How to complete this task :: Your answer should be one number: how many lines of the data include the string "Logo"?

Supplied records ::
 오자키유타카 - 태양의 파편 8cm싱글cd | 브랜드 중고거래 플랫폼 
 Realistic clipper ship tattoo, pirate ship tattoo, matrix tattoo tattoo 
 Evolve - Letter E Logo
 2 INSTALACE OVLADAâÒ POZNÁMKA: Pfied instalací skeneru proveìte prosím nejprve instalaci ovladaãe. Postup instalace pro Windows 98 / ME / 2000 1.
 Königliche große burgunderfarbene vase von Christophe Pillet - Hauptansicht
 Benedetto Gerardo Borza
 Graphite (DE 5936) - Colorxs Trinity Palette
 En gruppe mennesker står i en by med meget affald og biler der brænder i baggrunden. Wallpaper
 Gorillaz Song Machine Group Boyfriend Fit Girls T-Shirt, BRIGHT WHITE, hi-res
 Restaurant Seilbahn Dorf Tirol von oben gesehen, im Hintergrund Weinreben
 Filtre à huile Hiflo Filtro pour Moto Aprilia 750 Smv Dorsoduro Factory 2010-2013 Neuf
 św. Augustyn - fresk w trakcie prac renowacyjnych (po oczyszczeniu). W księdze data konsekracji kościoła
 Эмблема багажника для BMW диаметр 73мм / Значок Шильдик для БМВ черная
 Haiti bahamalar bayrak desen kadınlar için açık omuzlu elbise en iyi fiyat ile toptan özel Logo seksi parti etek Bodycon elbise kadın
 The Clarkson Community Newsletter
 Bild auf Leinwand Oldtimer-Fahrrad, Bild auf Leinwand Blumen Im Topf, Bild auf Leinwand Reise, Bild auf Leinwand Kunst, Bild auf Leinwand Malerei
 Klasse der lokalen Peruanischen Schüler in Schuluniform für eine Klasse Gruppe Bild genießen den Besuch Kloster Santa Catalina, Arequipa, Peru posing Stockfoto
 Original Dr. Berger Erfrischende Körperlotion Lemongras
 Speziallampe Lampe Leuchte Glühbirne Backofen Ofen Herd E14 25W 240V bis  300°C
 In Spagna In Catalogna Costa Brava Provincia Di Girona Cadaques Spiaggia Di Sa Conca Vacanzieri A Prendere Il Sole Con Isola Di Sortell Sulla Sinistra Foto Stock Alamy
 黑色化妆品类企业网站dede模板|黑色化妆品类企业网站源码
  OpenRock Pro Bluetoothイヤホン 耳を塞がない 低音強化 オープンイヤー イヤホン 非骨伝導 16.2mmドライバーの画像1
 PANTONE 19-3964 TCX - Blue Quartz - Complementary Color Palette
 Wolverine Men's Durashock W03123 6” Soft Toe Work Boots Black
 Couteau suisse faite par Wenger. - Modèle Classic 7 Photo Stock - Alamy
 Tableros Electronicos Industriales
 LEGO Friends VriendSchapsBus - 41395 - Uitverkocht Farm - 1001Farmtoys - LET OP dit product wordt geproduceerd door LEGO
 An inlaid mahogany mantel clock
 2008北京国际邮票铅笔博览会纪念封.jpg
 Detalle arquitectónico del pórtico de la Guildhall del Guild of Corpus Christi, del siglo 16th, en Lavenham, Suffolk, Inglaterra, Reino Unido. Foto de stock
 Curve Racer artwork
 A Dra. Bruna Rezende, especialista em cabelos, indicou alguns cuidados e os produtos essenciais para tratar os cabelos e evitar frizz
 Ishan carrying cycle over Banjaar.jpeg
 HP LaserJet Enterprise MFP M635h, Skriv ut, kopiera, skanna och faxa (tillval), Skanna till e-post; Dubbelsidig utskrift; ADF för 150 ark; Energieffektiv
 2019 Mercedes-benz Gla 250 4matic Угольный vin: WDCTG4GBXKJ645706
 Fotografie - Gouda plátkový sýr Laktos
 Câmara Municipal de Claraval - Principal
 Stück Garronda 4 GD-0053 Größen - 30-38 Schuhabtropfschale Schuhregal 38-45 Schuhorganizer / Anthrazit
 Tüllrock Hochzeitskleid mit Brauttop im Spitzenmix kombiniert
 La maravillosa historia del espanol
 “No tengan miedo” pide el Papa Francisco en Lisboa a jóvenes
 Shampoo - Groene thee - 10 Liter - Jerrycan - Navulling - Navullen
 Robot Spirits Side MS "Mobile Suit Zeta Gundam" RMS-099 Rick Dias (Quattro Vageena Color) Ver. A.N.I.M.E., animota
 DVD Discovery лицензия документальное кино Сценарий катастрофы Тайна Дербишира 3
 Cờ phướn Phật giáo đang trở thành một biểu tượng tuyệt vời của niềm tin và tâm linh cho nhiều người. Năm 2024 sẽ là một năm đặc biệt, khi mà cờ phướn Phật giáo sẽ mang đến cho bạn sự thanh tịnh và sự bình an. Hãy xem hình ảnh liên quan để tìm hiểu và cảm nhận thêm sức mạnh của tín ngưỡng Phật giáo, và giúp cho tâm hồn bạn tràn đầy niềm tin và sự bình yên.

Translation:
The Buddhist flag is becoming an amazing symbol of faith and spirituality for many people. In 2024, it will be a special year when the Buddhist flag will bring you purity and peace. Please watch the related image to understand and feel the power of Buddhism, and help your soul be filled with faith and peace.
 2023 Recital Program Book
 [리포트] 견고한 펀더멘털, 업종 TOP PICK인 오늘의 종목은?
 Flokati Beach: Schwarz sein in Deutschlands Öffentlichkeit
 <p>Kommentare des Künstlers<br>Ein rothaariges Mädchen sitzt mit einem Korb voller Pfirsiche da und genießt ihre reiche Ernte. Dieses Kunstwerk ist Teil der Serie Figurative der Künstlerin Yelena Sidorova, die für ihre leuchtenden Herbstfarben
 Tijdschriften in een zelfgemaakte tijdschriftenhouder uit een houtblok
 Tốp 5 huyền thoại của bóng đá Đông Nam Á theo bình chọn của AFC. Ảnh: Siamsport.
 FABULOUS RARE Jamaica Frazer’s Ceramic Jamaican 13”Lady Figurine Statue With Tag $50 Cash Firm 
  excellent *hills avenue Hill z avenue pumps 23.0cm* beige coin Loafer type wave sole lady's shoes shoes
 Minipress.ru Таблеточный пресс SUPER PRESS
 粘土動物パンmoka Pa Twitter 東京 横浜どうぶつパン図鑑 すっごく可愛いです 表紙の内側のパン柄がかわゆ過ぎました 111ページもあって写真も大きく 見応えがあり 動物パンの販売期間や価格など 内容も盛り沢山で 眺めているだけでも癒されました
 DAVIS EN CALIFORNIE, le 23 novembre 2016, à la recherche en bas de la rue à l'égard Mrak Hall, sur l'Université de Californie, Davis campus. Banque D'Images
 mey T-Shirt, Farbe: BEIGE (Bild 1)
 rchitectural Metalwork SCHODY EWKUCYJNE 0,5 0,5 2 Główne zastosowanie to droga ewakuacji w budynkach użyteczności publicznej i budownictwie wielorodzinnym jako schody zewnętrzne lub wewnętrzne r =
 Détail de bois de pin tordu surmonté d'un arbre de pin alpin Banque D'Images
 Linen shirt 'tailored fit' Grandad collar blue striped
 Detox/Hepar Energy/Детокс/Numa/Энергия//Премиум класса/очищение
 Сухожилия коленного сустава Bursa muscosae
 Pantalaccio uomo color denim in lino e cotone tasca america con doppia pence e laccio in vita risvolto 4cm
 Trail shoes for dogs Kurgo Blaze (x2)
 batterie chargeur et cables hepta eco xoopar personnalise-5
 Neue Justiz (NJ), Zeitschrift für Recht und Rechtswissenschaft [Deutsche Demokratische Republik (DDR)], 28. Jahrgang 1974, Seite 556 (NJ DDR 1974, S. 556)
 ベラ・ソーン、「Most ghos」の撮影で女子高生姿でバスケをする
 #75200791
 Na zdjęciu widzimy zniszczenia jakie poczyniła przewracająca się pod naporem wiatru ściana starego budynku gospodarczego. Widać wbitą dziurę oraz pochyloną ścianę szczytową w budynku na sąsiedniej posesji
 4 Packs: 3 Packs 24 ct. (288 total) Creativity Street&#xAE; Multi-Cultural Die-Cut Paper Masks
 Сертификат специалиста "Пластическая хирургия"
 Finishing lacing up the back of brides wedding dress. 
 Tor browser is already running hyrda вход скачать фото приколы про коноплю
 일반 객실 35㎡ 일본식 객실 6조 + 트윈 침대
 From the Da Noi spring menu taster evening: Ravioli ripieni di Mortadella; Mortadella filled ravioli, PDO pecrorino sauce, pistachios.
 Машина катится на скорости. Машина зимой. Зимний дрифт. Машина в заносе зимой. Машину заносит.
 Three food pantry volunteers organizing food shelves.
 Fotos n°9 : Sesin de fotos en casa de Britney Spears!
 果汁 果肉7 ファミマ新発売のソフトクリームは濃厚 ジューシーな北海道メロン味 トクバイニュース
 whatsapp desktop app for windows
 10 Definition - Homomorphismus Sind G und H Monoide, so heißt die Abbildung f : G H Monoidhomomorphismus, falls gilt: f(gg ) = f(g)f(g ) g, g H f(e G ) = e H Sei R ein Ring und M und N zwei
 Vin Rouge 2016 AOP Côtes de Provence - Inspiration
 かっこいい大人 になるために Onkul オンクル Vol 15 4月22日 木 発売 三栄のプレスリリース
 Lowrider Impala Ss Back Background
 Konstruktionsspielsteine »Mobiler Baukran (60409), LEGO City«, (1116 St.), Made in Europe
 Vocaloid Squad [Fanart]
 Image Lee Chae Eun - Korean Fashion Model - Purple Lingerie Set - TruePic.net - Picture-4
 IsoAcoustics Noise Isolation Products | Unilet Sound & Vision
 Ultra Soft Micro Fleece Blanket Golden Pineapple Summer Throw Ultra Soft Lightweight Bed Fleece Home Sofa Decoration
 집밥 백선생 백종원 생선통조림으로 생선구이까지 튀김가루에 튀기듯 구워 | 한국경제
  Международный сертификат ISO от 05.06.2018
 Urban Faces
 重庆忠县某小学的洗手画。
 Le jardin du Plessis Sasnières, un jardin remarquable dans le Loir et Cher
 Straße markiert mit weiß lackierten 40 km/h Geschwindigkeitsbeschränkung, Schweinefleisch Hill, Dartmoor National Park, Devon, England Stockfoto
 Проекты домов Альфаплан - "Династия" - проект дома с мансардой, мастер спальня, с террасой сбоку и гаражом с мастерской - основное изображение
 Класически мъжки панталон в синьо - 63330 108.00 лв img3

The answer :: 2